From the beginning of the workshop, it was apparent that few of the women knew each other, yet we all had something in common. We had all signed up for “edible plants,” and under Seymour’s guidance, learned the tasty and nutritious parts of cattails, dandelions, service berries, stinging nettle, groundnut, peppergrass and wintercress.

After class, two women in the group invited us all to meet by the shore of Pattee Pond to share jellies and wine that they concocted from blackberries, elderberries and chokeberries that they foraged in Fredericton, New Brunswick, their hometown.

The two women — Marion McIntyre and Kathy Power — are veteran BOW workshop attendees. In fact, they became friends in 1998 at a BOW weekend in New Brunswick, and have since developed a shared interest in foraging. Most veterans of the Maine BOW workshops have come to know them as “The Canadians” or “The Friendly Foragers.” At their social, which has been a tradition for a number of years, they share humorous stories from past BOW workshops, along with their homemade snacks.

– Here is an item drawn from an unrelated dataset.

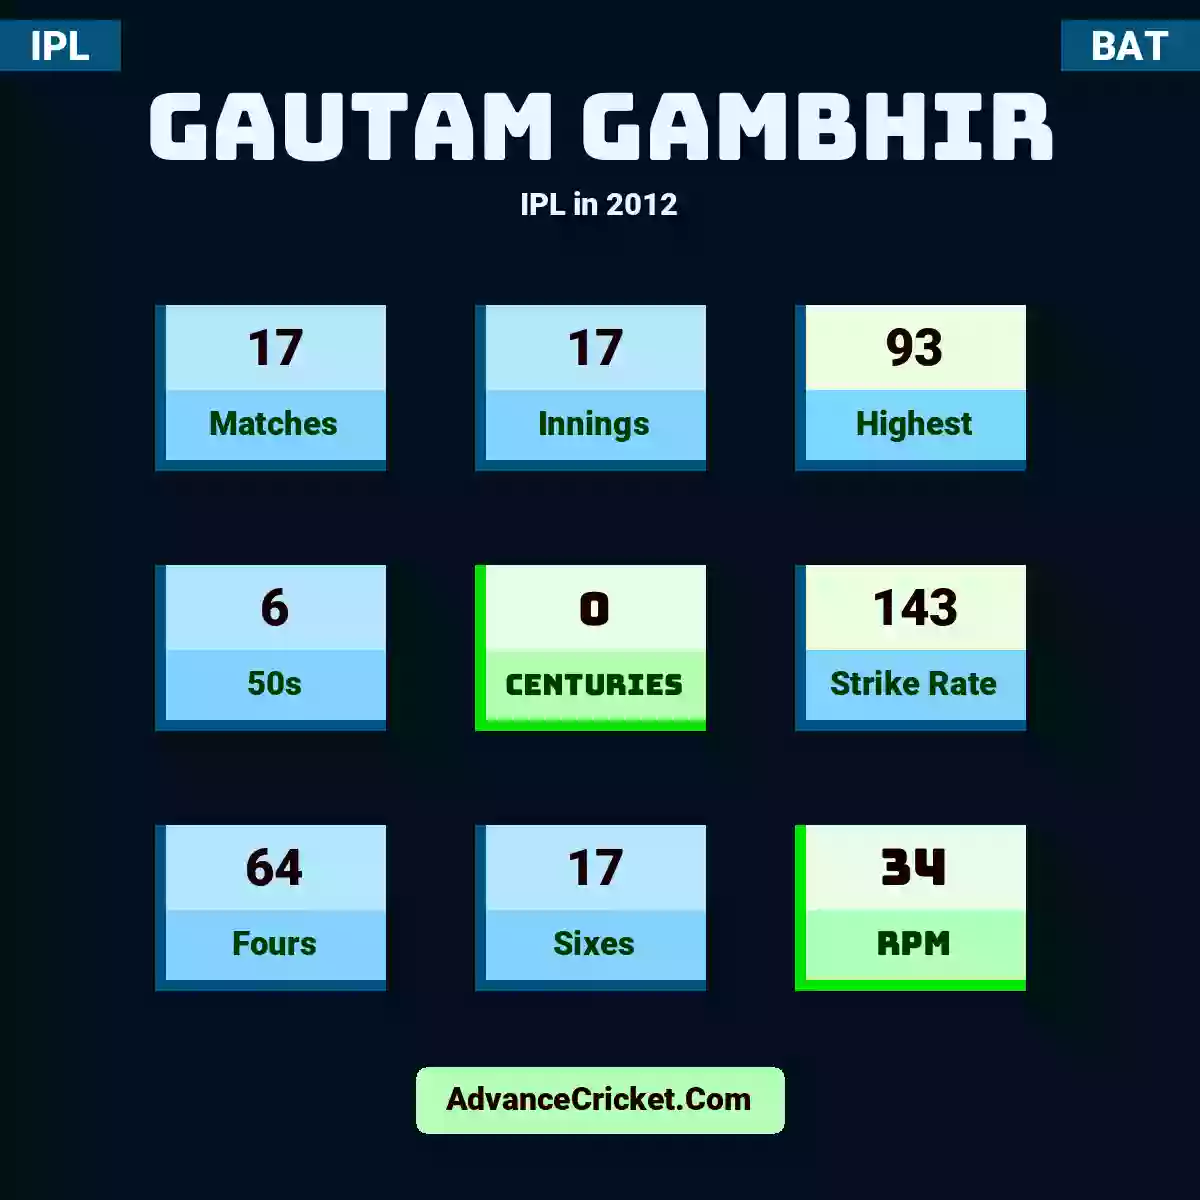 Gautam Gambhir IPL  in 2012, Gautam Gambhir played 17 matches, scored 93 runs as highest, 6 half-centuries, and 0 centuries, with a strike rate of 143. G.Gambhir hit 64 fours and 17 sixes, with an RPM of 34.

The BOW program was first offered through the University of Wisconsin-Stevens Point in 1991 after a study determined that women preferred to learn outdoor skills in a noncompetitive atmosphere along with other like-minded women. Today, more than 80 weekend-long BOW workshops are held across the country each year. In Maine, the program is co-sponsored by the Maine Department of Inland Fisheries Wildlife and the Friends of Maine BOW.

The chime of the dinner bell broke up the social and beckoned the small group to Camp Caribou’s dining hall, where we supped with all BOW participants, volunteer staff and instructors.

We then attended minisessions, 20-minute tastes of various outdoor topics.

At the “Furs and Pelts” session led by Lisa Kane, MDIFW natural science educator, I learned that mountain lions can scarf down 30 pounds of meat in one sitting. Beavers’ teeth are yellow due to the extra layer of enamel they require to gnaw down an average of 200 trees a year. And the ferocious fisher is one of the only animals that can eat a porcupine without a problem.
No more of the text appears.